Correct me if I am wrong but do we not live in a liberal and civilised society where the job of the curator is to enlighten, not to impose their own personal beliefs on others and censor art at their will? Why would you impose your own beliefs on others?

You say this was intended to start a discussion, not as censorship, and I accept that that was the intent. But how could you think it was a good idea to start that discussion by doing something so very similar to censorship? The same act by which you’ve started the discussion has poisoned the discussion too, by inviting comparisons with those groups, universally condemned by history, who have attempted to prohibit “immoral” art.

MAG has allowed visitors to post their opinions on the wall where the painting were supposed to be hanging.
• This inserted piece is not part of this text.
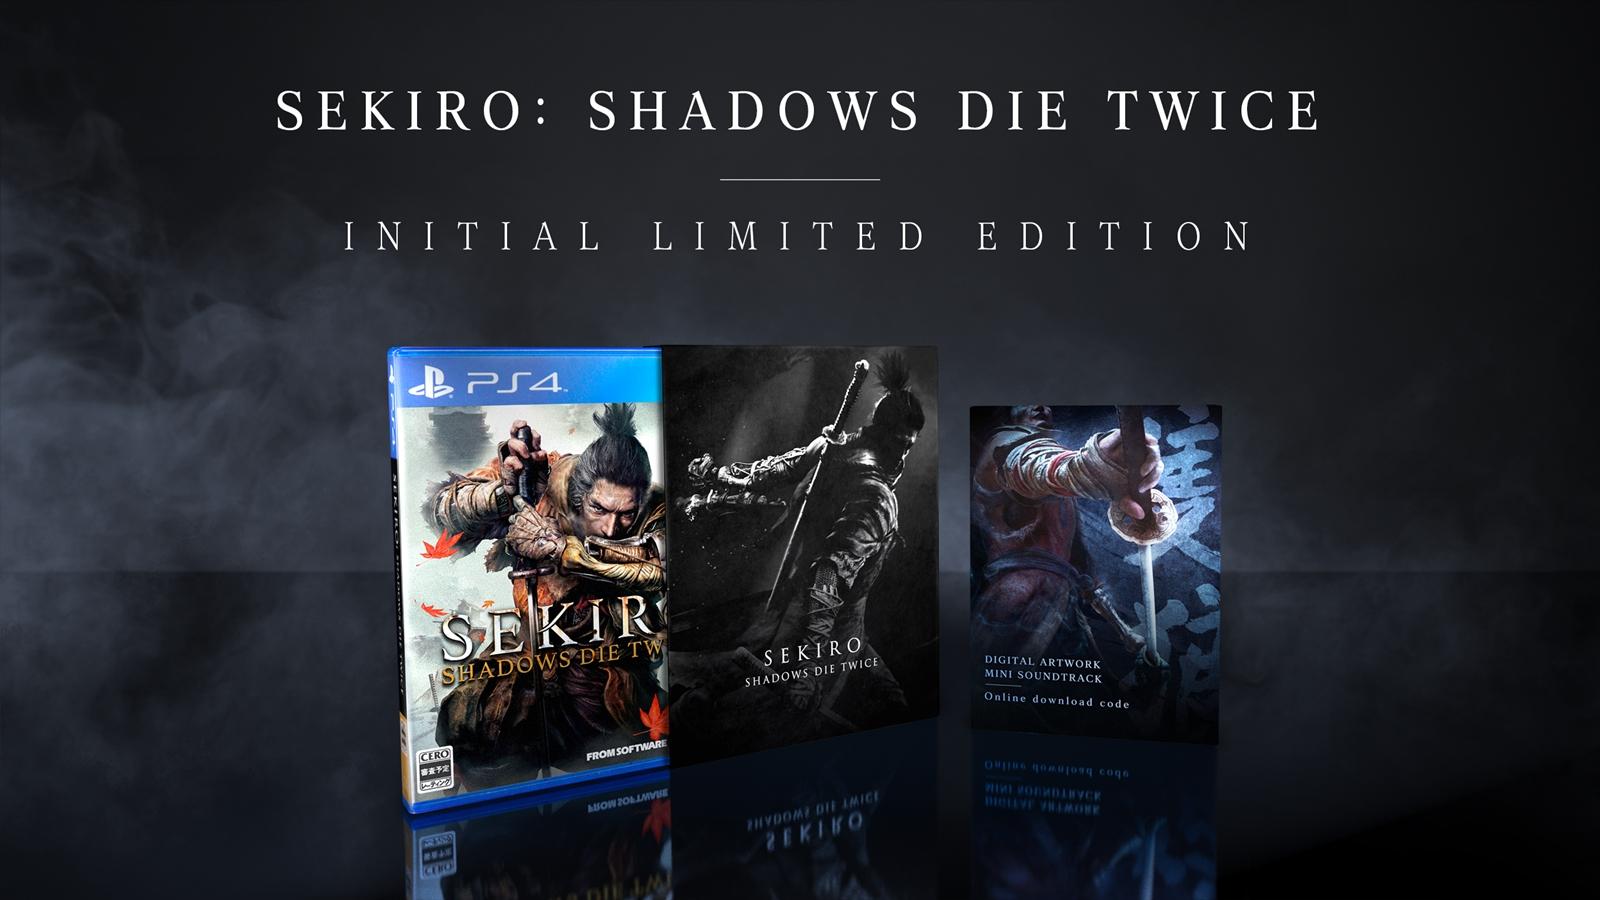 《只狼:影逝二度》预购特典和玩家收藏版内容公布

And the responses have been of great help to understand how wrong has been to take the painting down.

censorship art manchester gallery
One of the notes visitor are sticking to the wall where Waterhouse’s painting should be.

The Nymphs: #MeToo

If Waterhouse’s Nymphs could speak, they would scream out loud: “Me Too!”. They would take the stand and accuse Gannaway and MAG of abuse. They have been secluded out of sight, preventing visitors to enjoy their beauty and to freely reflect about women types and stereotypes in the past.
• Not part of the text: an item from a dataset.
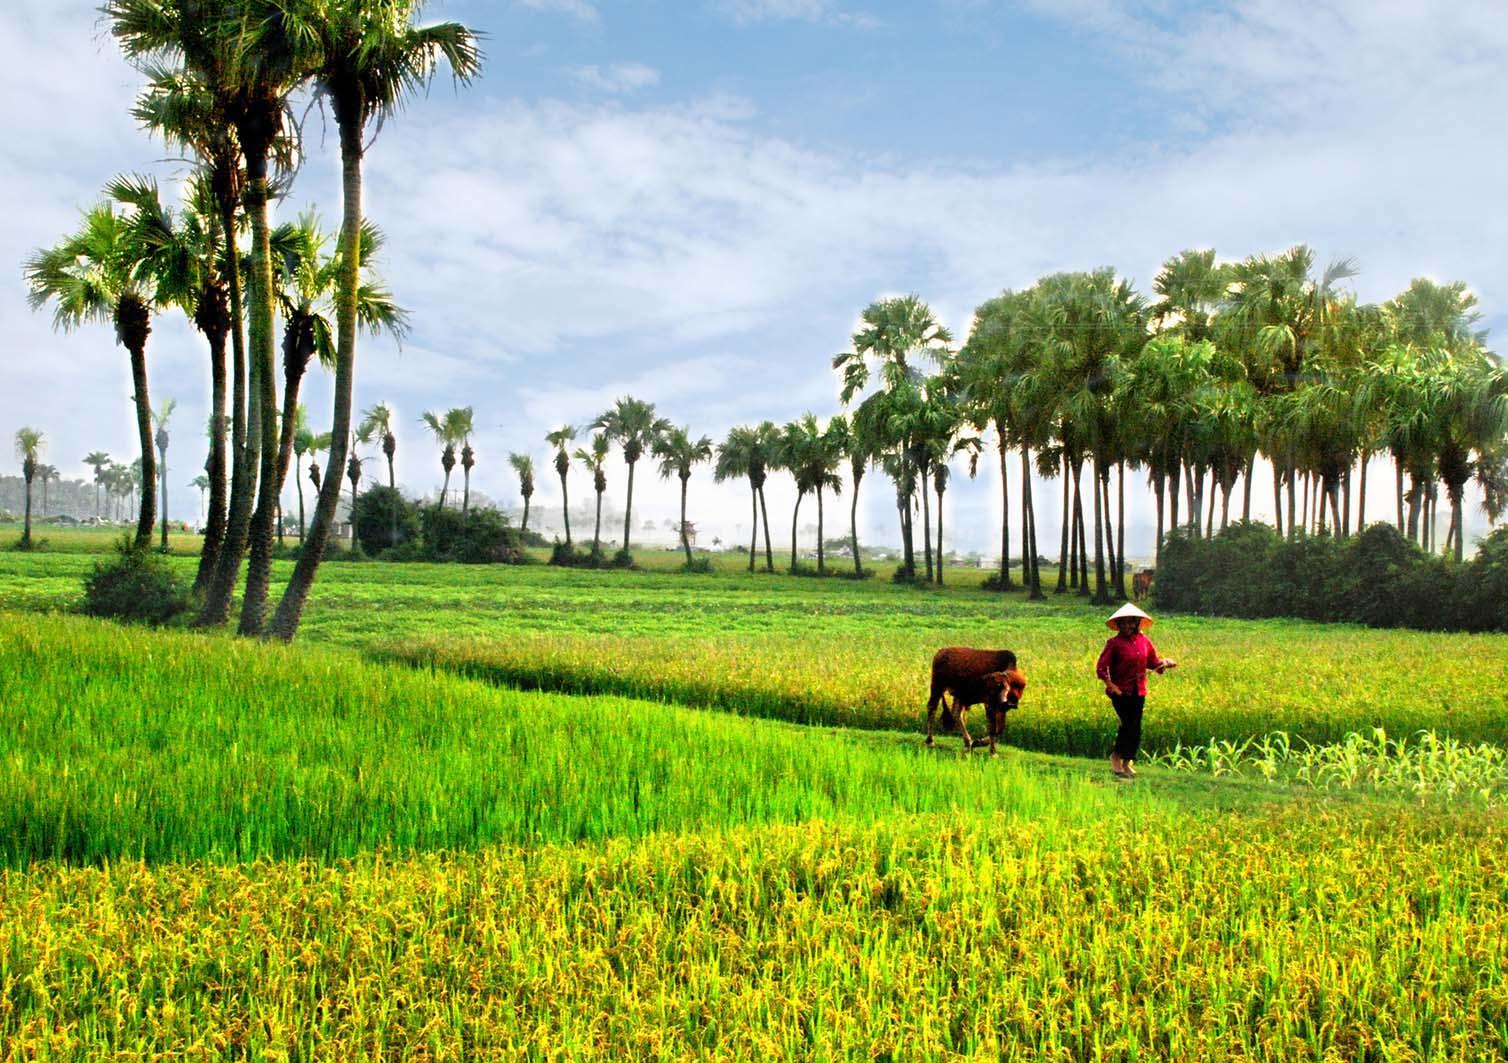 Phong cảnh đồng quê Việt Nam đẹp

Public museums has no right to present our cultural heritage varnished with prejudices. They should help visitors to understand each work of art among the cultural values each one encloses.

Therefore, the Nymphs would invite Botticelli’s Venus and Titian’s Danae to join them to tell everyone that art needs context and be taken serious and respectfully. They would express, without a doubt, that time’s up ’cause #ArtHistoryMatters.

Final note:

After this article was published, the city council of Manchester (which runs the gallery), publicly announced that the painting would return to its original exhibition room at MAG. The public pressure had been strong enough against this act of censorship (intended or not).

Liz Prettejohn, who curated a Waterhouse exhibition at the Royal Academy in 2009, has expressed:

“Taking it off display is killing any kind of debate that you might be able to have about it in relation to some of the really interesting issues that it might raise about sexuality and gender relationships.

The Victorians are always getting criticised because they’re supposed to be prudish. But here it would seem it’s us who are taking the roles of what we think of as the very moralistic Victorians.”